As I mentioned, I have a functionally useless body (oh, yeah, sure, semen made in my big testes fertilised an egg (a human egg), but as that’s something physically capable of being meaninglessly executed by the vast majority of all the worst people I’ve ever met, being also able to do that is essentially an embarrassment and thus a greater source of shame…)

(((… I always thought if I ever raised a child it would be adopted or fostered or a step-child or something, where I’d get to have a genuine sense as to whether any affection had been earned or deserved (as most people are blinded by nuclear family centric propaganda and unable to judge blood relatives in the way they would judge strangers or peers, the babies)… having a genuine biological child feels inherently regressive and politically suspect… I know terrible people who have affection towards their terrible relatives… I hope that my child becomes someone who sees meaningful ethics as more important than familial ties. I would rather they grow to hate me for my shittiness, rather than never notice it.

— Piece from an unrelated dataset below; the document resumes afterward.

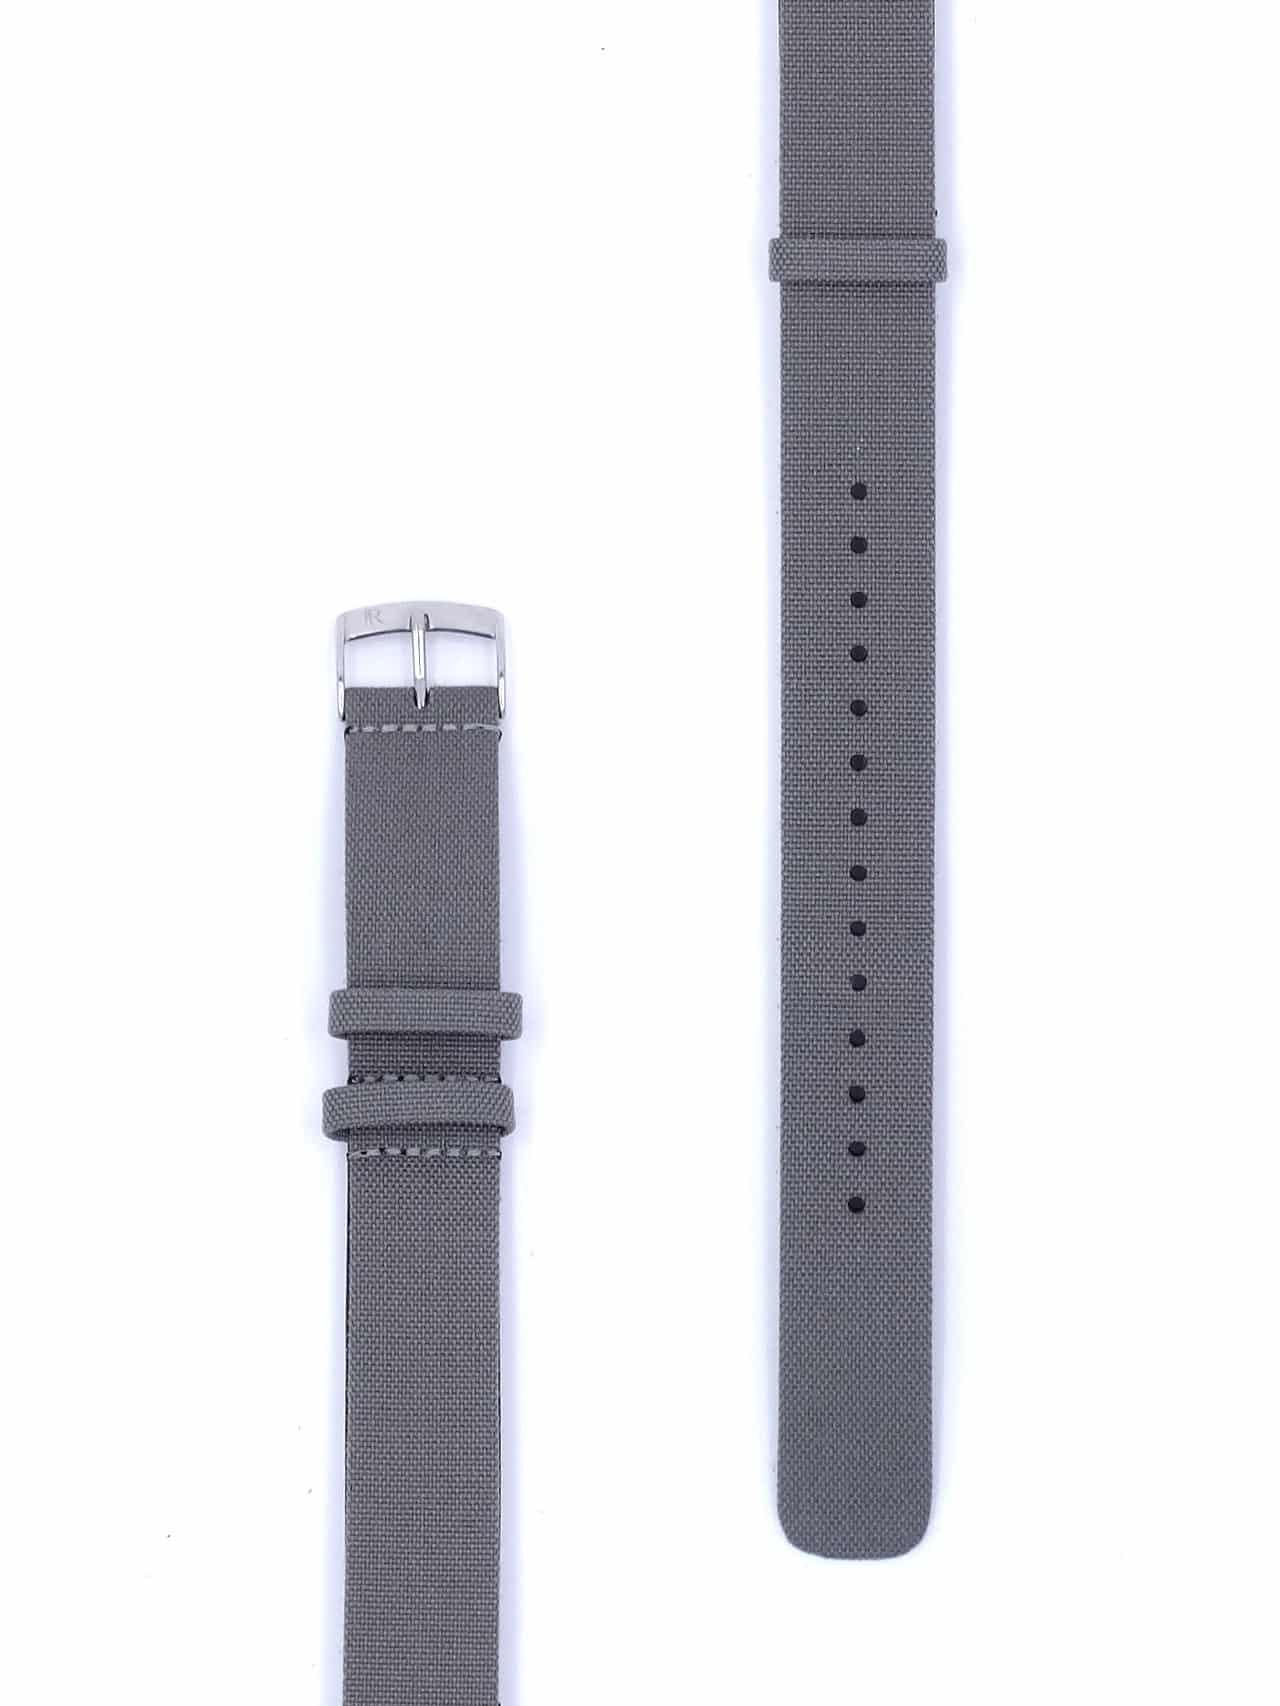 Nato strap cordura 20mm

I mean, ideally I will grow sufficiently as a person in the world for them to not need to hate me, but I’m nearly 40 (I’m 35) and I don’t really have much meaningful going on for now so realistically it’s fucking unlikely at this point.)))

–///–

Ina May’s Guide To Childbirth is anecdote and narrative, and it made me feel sad that although the route to birth that has been selected by my lover and me is as progressive (i.e. the most pre-medical) as is available on the NHS in South London, it’s still taking place within the same physical building as where all the most pathologised births in that district are taking place, and that we don’t have the important, long-standing, complex mutually beneficial community that Ina May’s writes about and ultimately sells at length…

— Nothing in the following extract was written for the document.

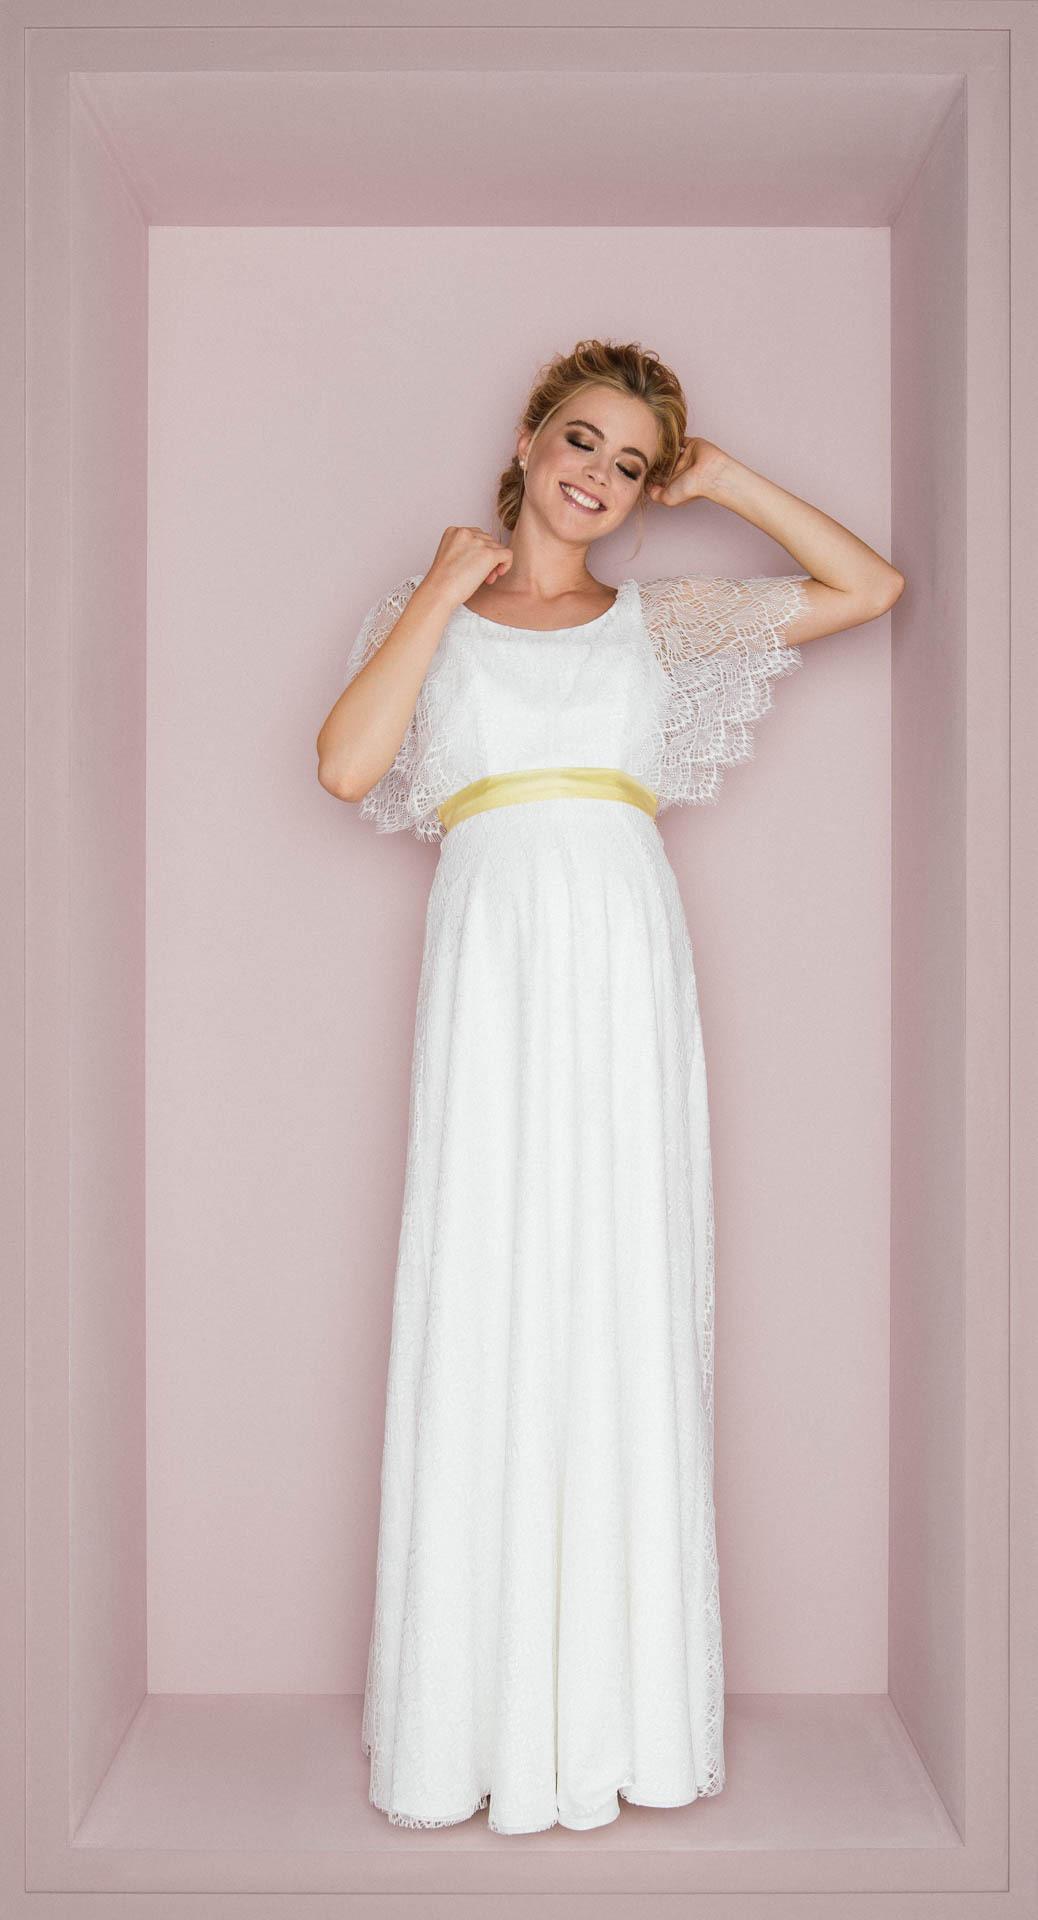 20 Genial Brautmode Für Schwangere Design17 Luxus Brautmode Für Schwangere Bester Preis

Ina May writes about how making out, how physical touch, how coming, how being present and sexual and, baby, alive, baby, are the best tools for a comfortable, easy, birth…

Is it all too 1970s, this idea, is it too stuck in this brief beautiful moment of hope for love, back when everyone could have free love communes where everyone slept on the floor (the best place to sleep) and no one had AIDS and the dating apps that commodify human relationships didn’t exist and you could kiss and touch and love and then someone else who you also kissed and touched and loved could kiss and touch and love the birthing person while you went for a pee/coffee/low ABV supermarket lager..?

A birth site as worship of the yonic deity seems right…

Any birth site that is not a worship of the yonic deity seems wrong but now is so so normal…

Has Ina May made me an evangelist? Maybe. Has Ina May made me a believer? Maybe, yes, too…

An important book. But, sure, maybe debatable.

But I’m not going to read the opposite side. I don’t need to believe that it won’t all be fine.